Column | Type | Modifiers | Storage | Description
--------+---------+-----------+---------+-------------
f1 | integer | | plain |
View definition:
SELECT t1.f1
FROM s1.t1
WHERE (EXISTS ( SELECT 1
FROM s2.t1
WHERE t1.f1 = s1.t1.f1));
regression=# alter table s2.t1 rename to tx;
ALTER TABLE
regression=# \d+ v1
View "public.v1"
Column | Type | Modifiers | Storage | Description
--------+---------+-----------+---------+-------------
f1 | integer | | plain |
View definition:
SELECT t1.f1
FROM s1.t1
WHERE (EXISTS ( SELECT 1
FROM s2.tx t1
WHERE t1.f1 = s1.t1.f1));
Both of the above displays of the view are formally correct, in that the
variables will be taken to refer to the correct upper or lower RTE.
But let's change that back and rename the other table:
regression=# alter table s2.tx rename to t1;
ALTER TABLE
regression=# alter table s1.t1 rename to tx;
ALTER TABLE
regression=# \d+ v1
View "public.v1"
Column | Type | Modifiers | Storage | Description
--------+---------+-----------+---------+-------------
f1 | integer | | plain |
View definition:
SELECT t1.f1
FROM s1.tx t1
WHERE (EXISTS ( SELECT 1
FROM s2.t1
WHERE t1.f1 = s1.t1.f1));
This is just plain wrong, as you'll see if you try to execute that
query:
regression=# SELECT t1.f1
regression-# FROM s1.tx t1
regression-# WHERE (EXISTS ( SELECT 1
regression(# FROM s2.t1
regression(# WHERE t1.f1 = s1.t1.f1));
ERROR: invalid reference to FROM-clause entry for table "t1"
LINE 5: WHERE t1.f1 = s1.t1.f1));
^
HINT: There is an entry for table "t1", but it cannot be referenced
from this part of the query.
(The HINT is a bit confused here, but the query is certainly invalid.)

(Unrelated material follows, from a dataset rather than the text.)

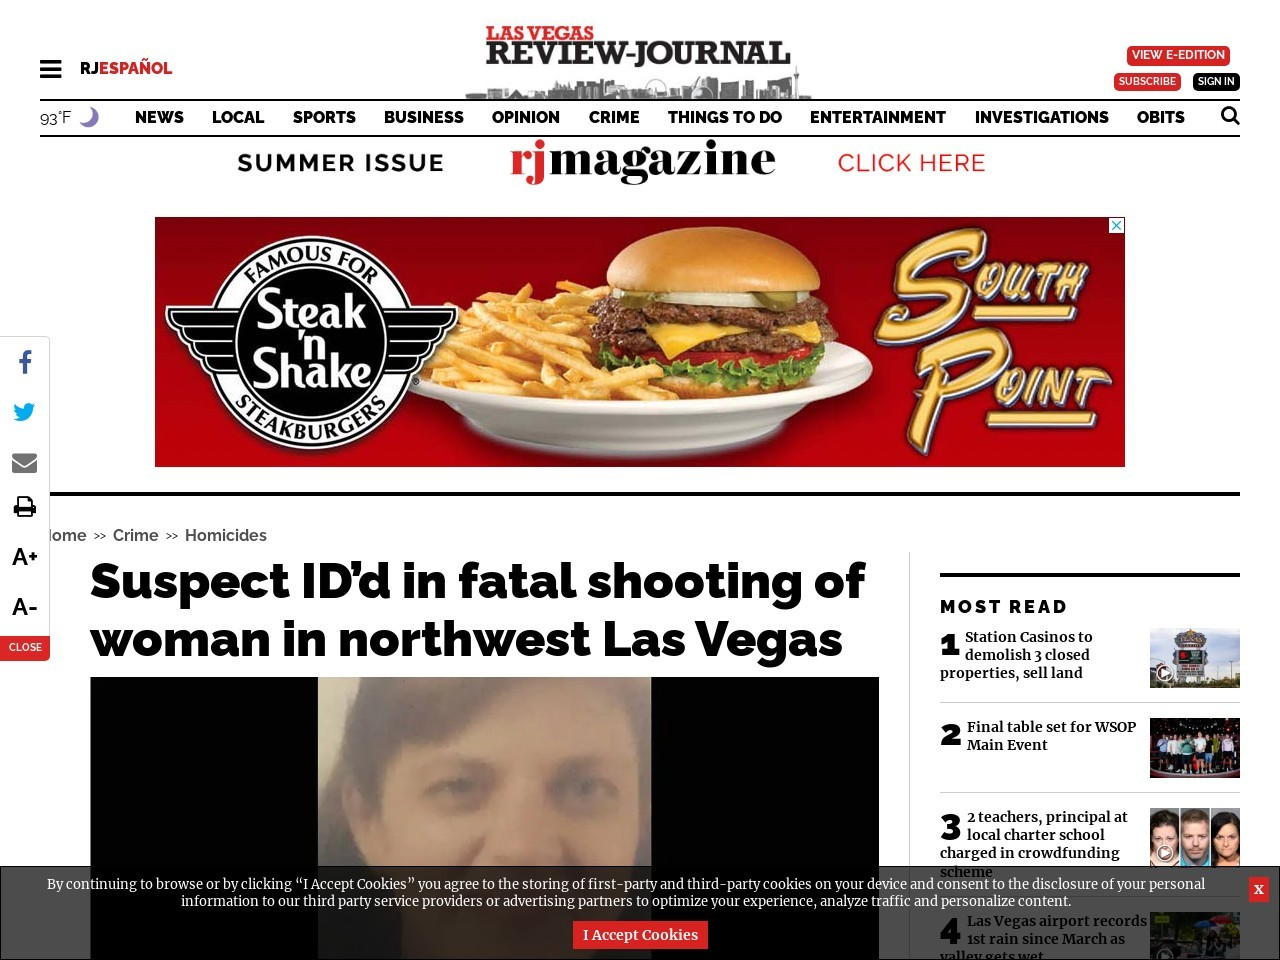 Suspect ID'd in fatal shooting of woman in northwest Las Vegas

So what we have here is a potential failure to dump and reload view
definitions, which is a lot more critical in my book than whether
EXPLAIN's output is confusing.
If we stick with the existing rule for attaching a fake alias to renamed
RTEs, I think that Ashutosh's patch or something like it is probably
appropriate, because the variable-printing code ought to be in step with
the RTE-printing code. Unfortunately, I think the hack to attach a fake
alias to renamed RTEs creates some issues of its own. Consider
select * from s1.t1
where exists (select 1 from s2.t2 t1 where t1.f1 = s1.t1.f1);
If s1.t1 is now renamed to s1.tx, it is still possible to express
the same semantics:
select * from s1.tx
where exists (select 1 from s2.t2 t1 where t1.f1 = s1.tx.f1);
But when we attach a fake alias, it's broken:
select * from s1.tx t1
where exists (select 1 from s2.t2 t1 where t1.f1 = ?.f1);
There is no way to reference the outer RTE anymore from the subquery,
because the conflicting lower alias masks it.
We may be between a rock and a hard place though, because it's not that
hard to demonstrate cases where not adding a fake alias breaks it too:
select * from s1.t1 tx
where exists (select 1 from s2.t1 where s2.t1.f1 = tx.f1);
If s2.t1 is renamed to s2.tx, there's no longer any way to reference the
upper alias tx, unless you alias the lower RTE to some different name.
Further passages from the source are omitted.